### Input data

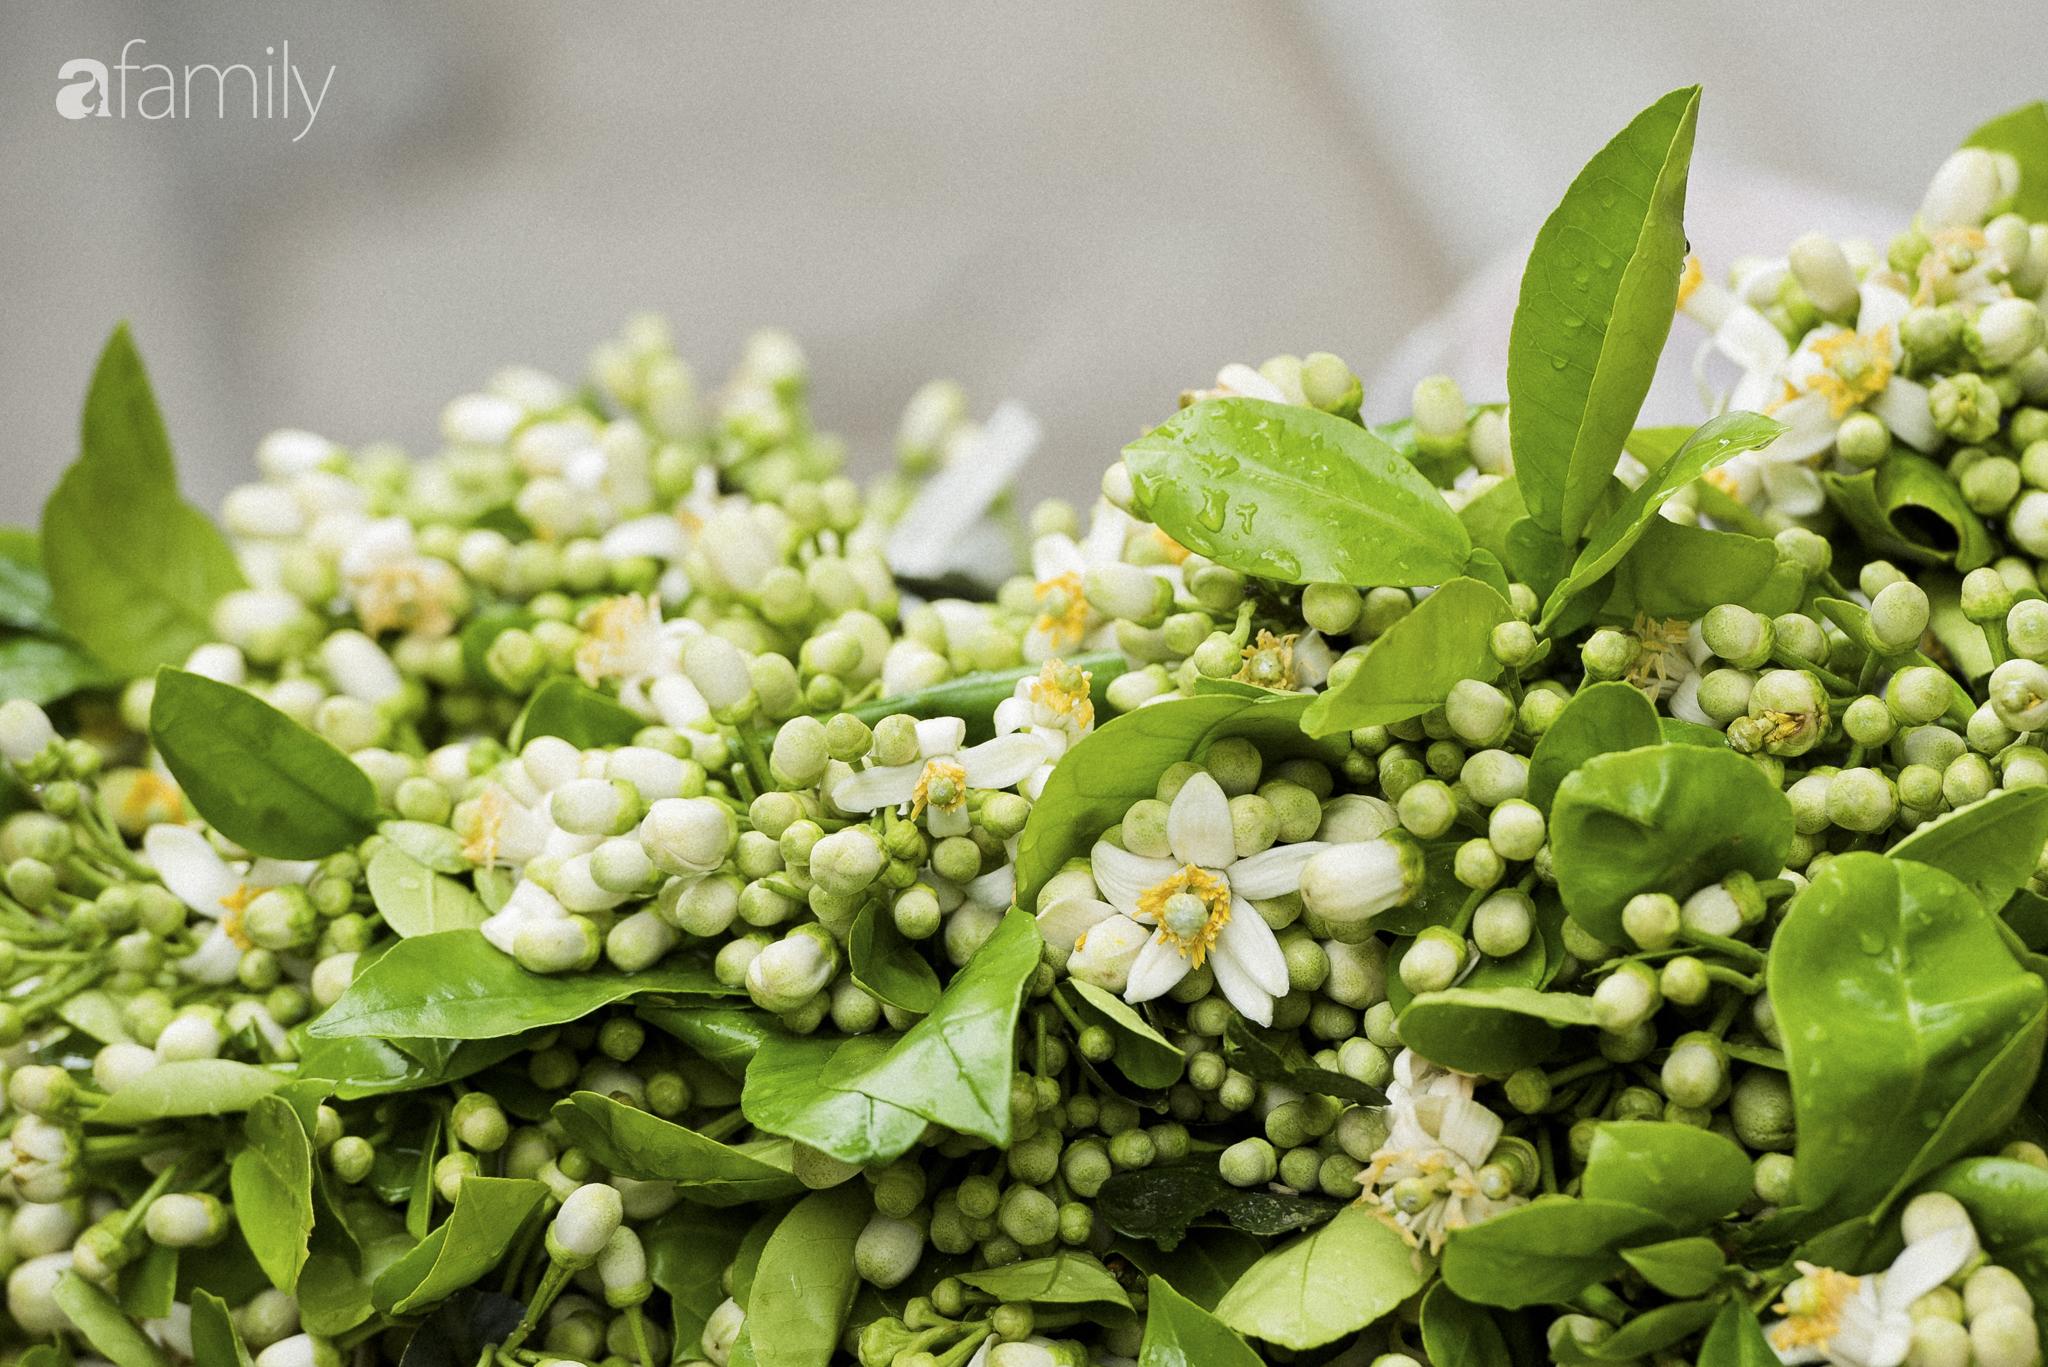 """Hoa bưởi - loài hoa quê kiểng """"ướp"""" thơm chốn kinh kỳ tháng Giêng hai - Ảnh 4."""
==
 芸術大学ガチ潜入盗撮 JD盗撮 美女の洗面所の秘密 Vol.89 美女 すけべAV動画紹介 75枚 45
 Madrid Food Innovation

### Exercise objective
Everything from the line with "芸術大学ガチ潜入盗撮 JD盗撮 美女の洗面所の秘密" through the line with "Madrid Food Innovation" should be written out exactly as it appears above, end lines included, and nothing outside that range.

### Output below
 芸術大学ガチ潜入盗撮 JD盗撮 美女の洗面所の秘密 Vol.89 美女 すけべAV動画紹介 75枚 45
 Madrid Food Innovation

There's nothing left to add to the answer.